Inspired by daughter number three, the fourth daughter initiates myopia control at the onset of low myopia but is treated with a bifocal contact lens that is expected to slow myopia by 80%. This has been shown to be achievable with bifocal soft lenses in patients with near eso fixation disparity using the author’s clinical method of add selection. It may also be achievable in non-esos when the add power is selected as the highest add that provides for good distance vision or if the add power is selected on the basis of maximum correction of peripheral hyperopia as measured by peripheral refraction or peripheral axial lengths. With this more aggressive approach, ‘Four’ graduates college with a −3.10 diopter prescription, and in addition to all of the advantages incurred by her sisters with more moderate slowing she begins to benefit from improved unaided vision that will serve her well after developing presbyopia.

Daughter number five takes the most aggressive approach beginning MC33 when her hyperopia is seen to decrease, switching to MC80 at the onset of any myopia, graduating from college with a very healthful and useful level of myopia, −2.18 diopters. Sadly, as myopia appears to be linked to intelligence,39 ‘Five’ experiences the most difficulty in completing her coursework.

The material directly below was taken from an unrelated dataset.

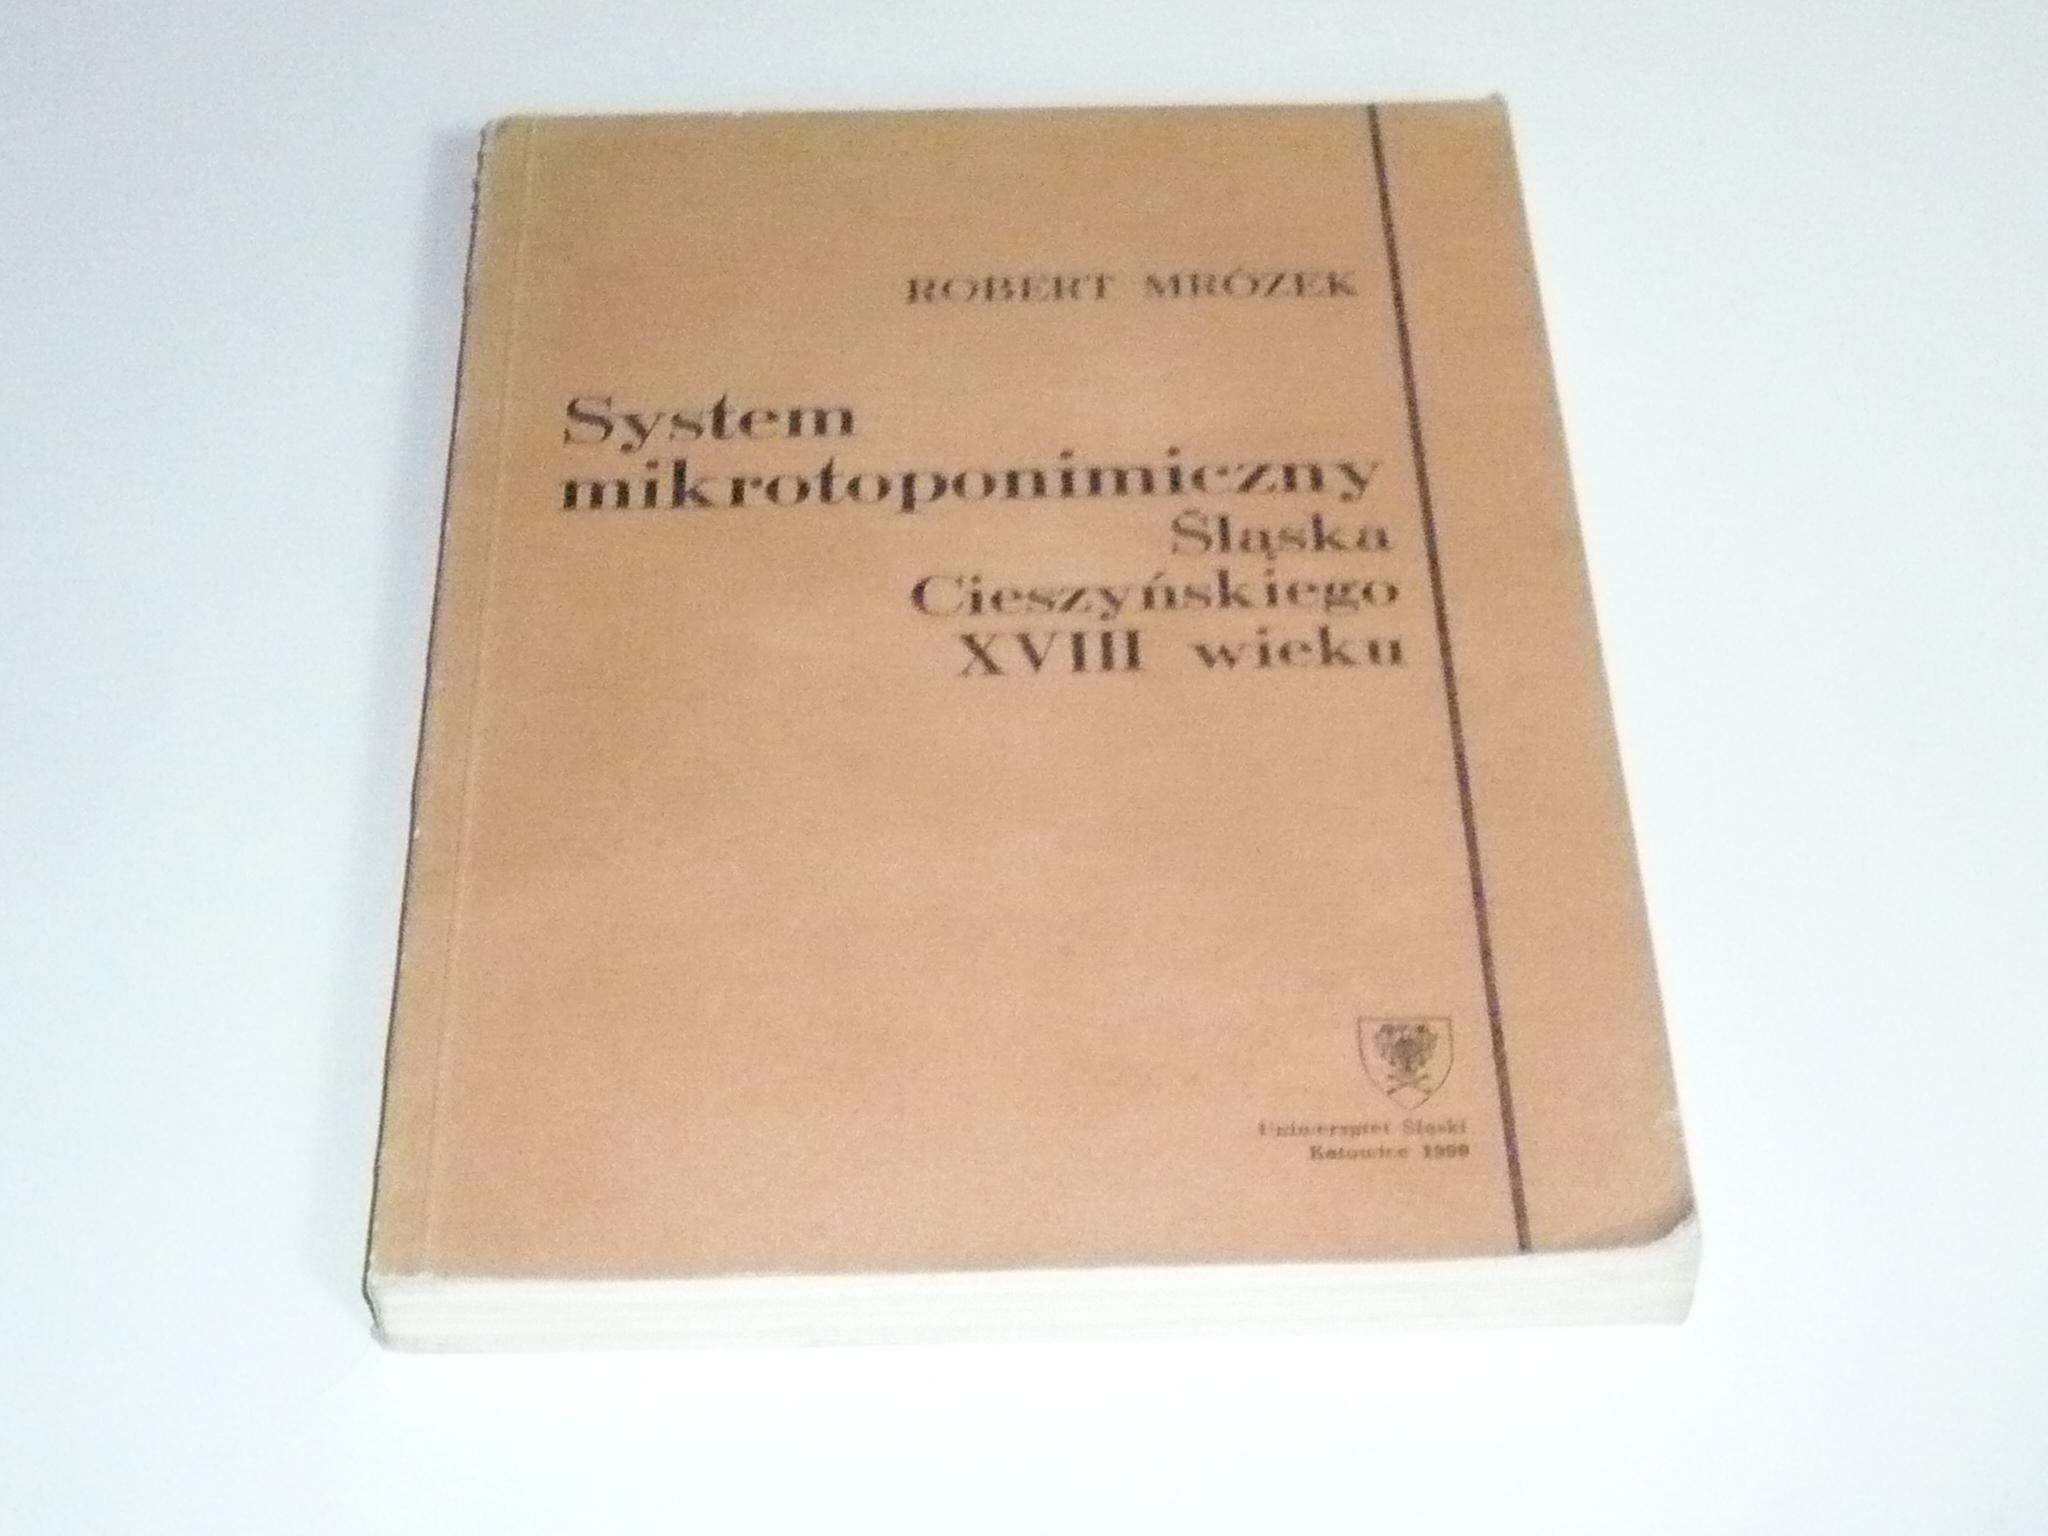 System Mikrotoponimiczny śląska Cieszyńskiego Xvii

Although there are undeniable, measurable components of visual performance that may be influenced by lenses that impose multiple foci on the visual system,40 the subjective acceptance demonstrated by children wearing this category of lenses has been shown to be quite high. Indeed in a study that had users rating their overall quality of life (QOL) after switching from single vision spectacle correction to either bifocal soft contact lenses or single vision soft contact lenses, participants in each contact lens group rated their QOL as being higher in most categories, including distance vision quality with either type of contact lens.41

Practitioners who were hesitant to prescribe multifocal contact lenses based on their negative experiences with presbyopes, or because of expectations of lower visual quality, should consider the average visual acuity and visual performance of a child wearing single vision spectacles or single vision contact lenses vs a child wearing a multifocal contact lens who is experiencing slowed progression. The child wearing single vision spectacles or contact lenses who starts out the year with a crisp 20/20 might end up at 20/70 at 1 year after progressing to −1.25 diopters. He certainly will spend a great deal of time in that year experiencing subnormal corrected vision. Contrast this experience with a child wearing a multifocal contact lens who may start the year out seeing 20/20− or 20/25+ and after 1 year, having progressed by −0.25 diopters or less, may still be seeing 20/25 or better. In which case has the practitioner met his obligation to provide good vision and help preserve sight?

Summary

Evidence is accumulating of what amounts to an epidemic of myopia throughout the world, concentrating in Asia in particular and urban environments in general. It is further becoming clear that there are effective means to slow myopia progression in clinically meaningful ways. Myopia progression is typically associated with axial elongation and control of myopia results in slower axial length. Although it is reasonable to assume that retarding the axial elongation of a child or young adult rapidly progressing in myopia will result in less risk of glaucoma, cataract, retinal detachment, and myopic macular degeneration, this is yet to be established. Individual practitioners simply need to decide whether they will start using the optical control strategies discussed to help their patients today or whether they feel compelled to wait for multiple, multi-year clinical trials and FDA indications and CE marks before they adopt this technology.

References

  1. Chew SJ, Chia SC, Lee LKH . The pattern of myopia in young Singaporean men. Singapore Med J 1988; 29: 201–211.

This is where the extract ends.